Over the ice to the Pole
In 1908 and 1909, two Americans, Peary and Cook, each claimed to have reached the North Pole. After years of investigation, America’s National Geographic Society finally declared that it was Peary who had made it to the Pole. Cook was quickly discredited but doubts remain about the speed with which Peary and his team claimed to have made the journey from northern Canada to the Pole and back.
By the time Jean-Louis Etienne reached the North Pole solo pulling his sled, on 11 May 1986, only six expeditions had reached the pole “overland”: Ralph Plaisted (USA, scooter, 1968), Wally Herbert (UK, dog sled, 1969), Uemura Naomi (Japan, dog sled, 1978), Ranulph Fiennes (UK, snow scooter, 1979), Dimitri Shparo (USSR, skis, 1979), four Finns (skis, 1984) and Will Steiger (USA, dog sled, 1986), whom Jean-Louis Etienne was to meet en route to the pole.

To the Pole by air
The first attempt to fly to the Pole was made by the Swede Andrée and his two crewmen aboard the Ornen (Eagle), a hydrogen balloon. They took off from Spitsbergen in July 1897, but nothing more was heard of them for 33 years until their bodies were discovered by seal hunters on the island of Svalbard in 1930. Apparently they had walked to the island after crash-landing on the pack ice two days earlier. On 15 August 1909, the American press baron Wellman began his third attempt to reach the Pole by air (he had already tried in 1906 and 1907) aboard his airship America. This was a flexible (i.e. no interior structure) dirigible 57 m long, that had been assembled and filled with hydrogen in a hangar specially built at Spitsbergen exactly where Andrée had taken off from. The American had to turn back after flying for only a few hours.

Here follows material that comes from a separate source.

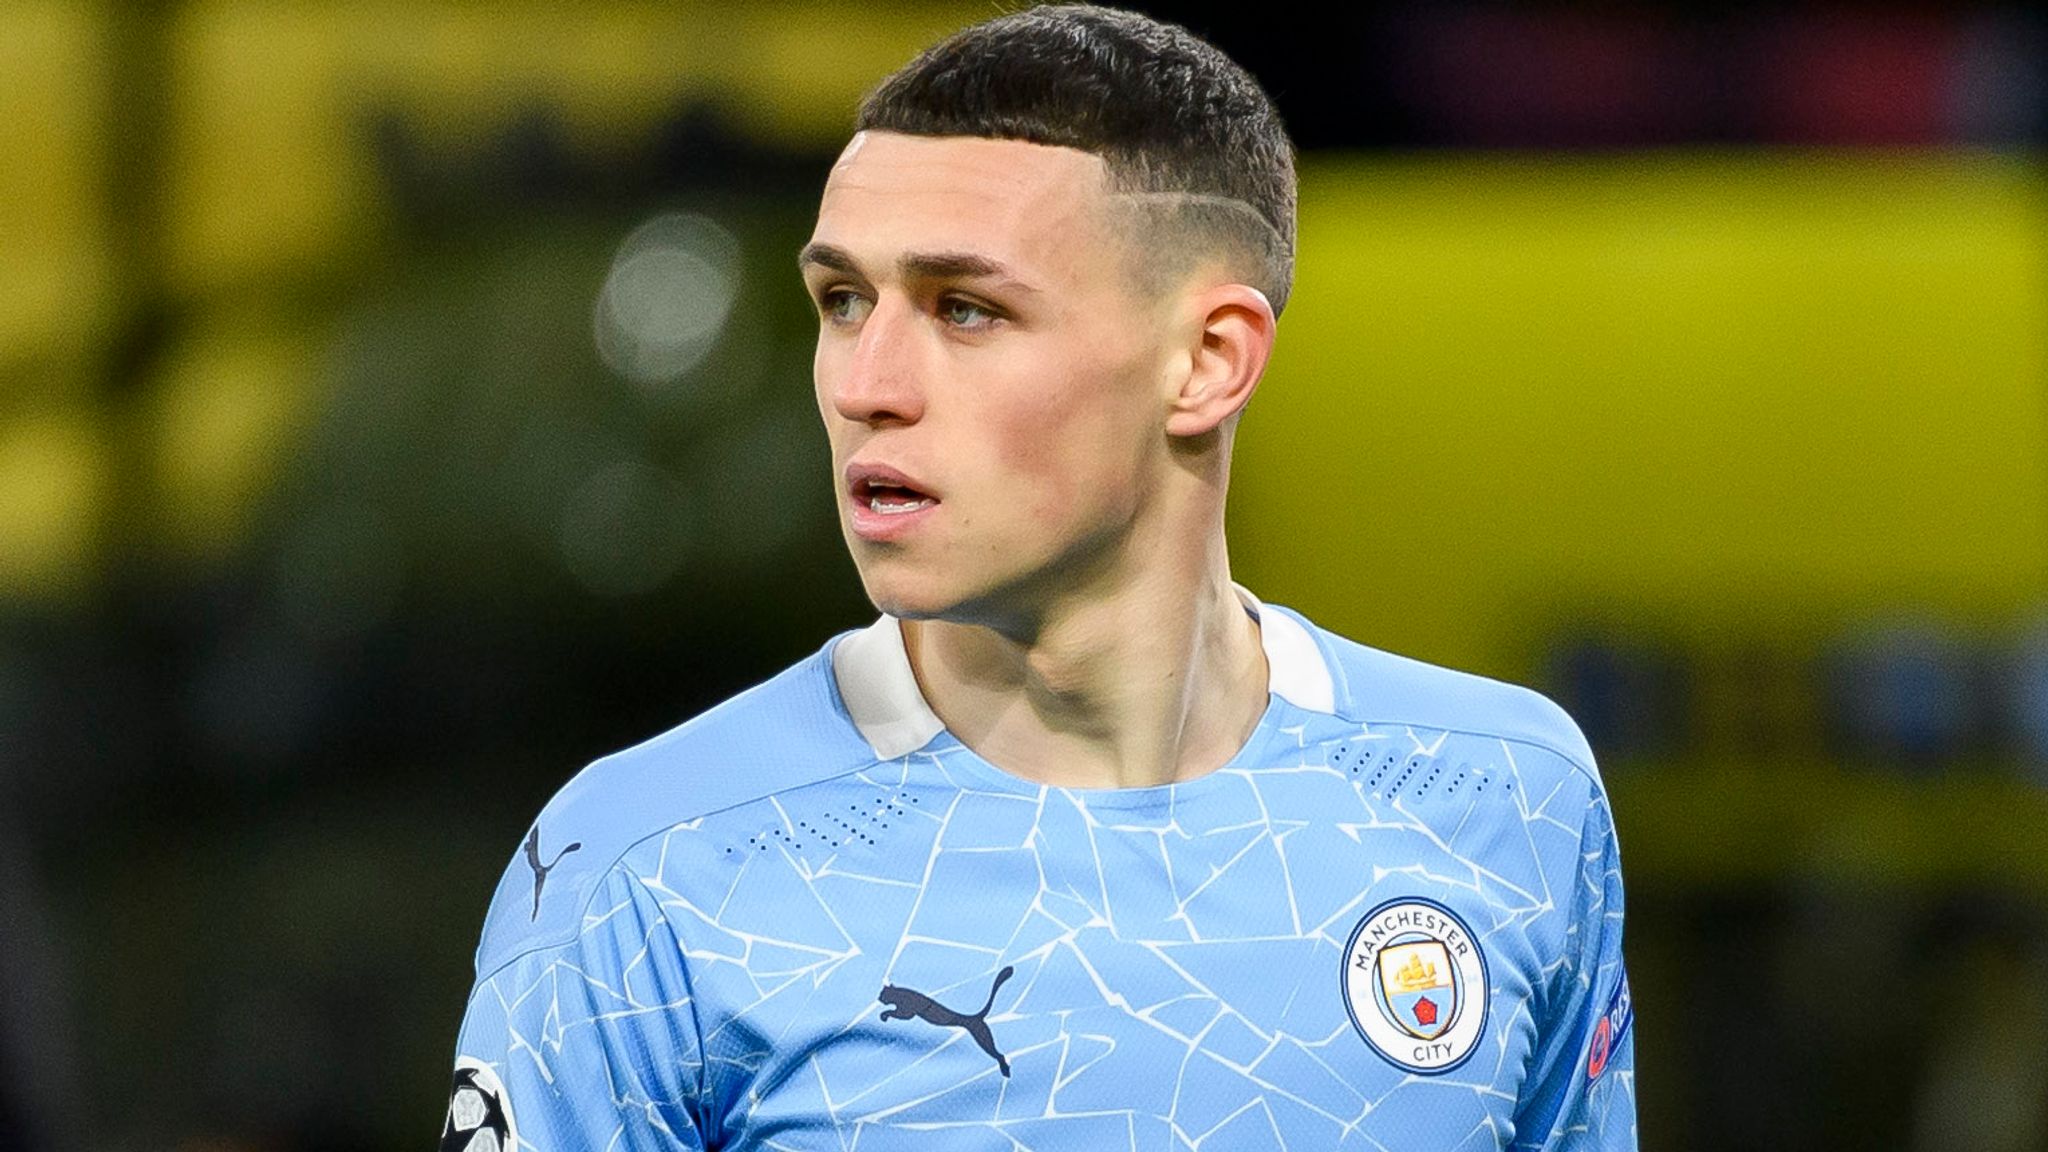 Phil Foden's Blonde Hair Sparks Social Media Frenzy - wide 6

On 9 May 1926 Admiral Byrd and his crewman Floyd Bennett left Spitsbergen in an aircraft. They returned earlier than expected (and with an oil leak) but claimed to have reached the North Pole. Doubts about their claim persist.
The same year, on 12 May, Amundsen became the first man to fly over the Pole in the airship Norge, accompanied as engineer by the Italian Nobile, who had designed the airship. In 1928, Nobile crash-landed on the ice pack in the airship Italia; Amundsen took off in a plane to try to rescue him and was never seen again.

 
 
Le Norge
L'Italia
Polar airship America emerging from its Arctic hangar August 1909.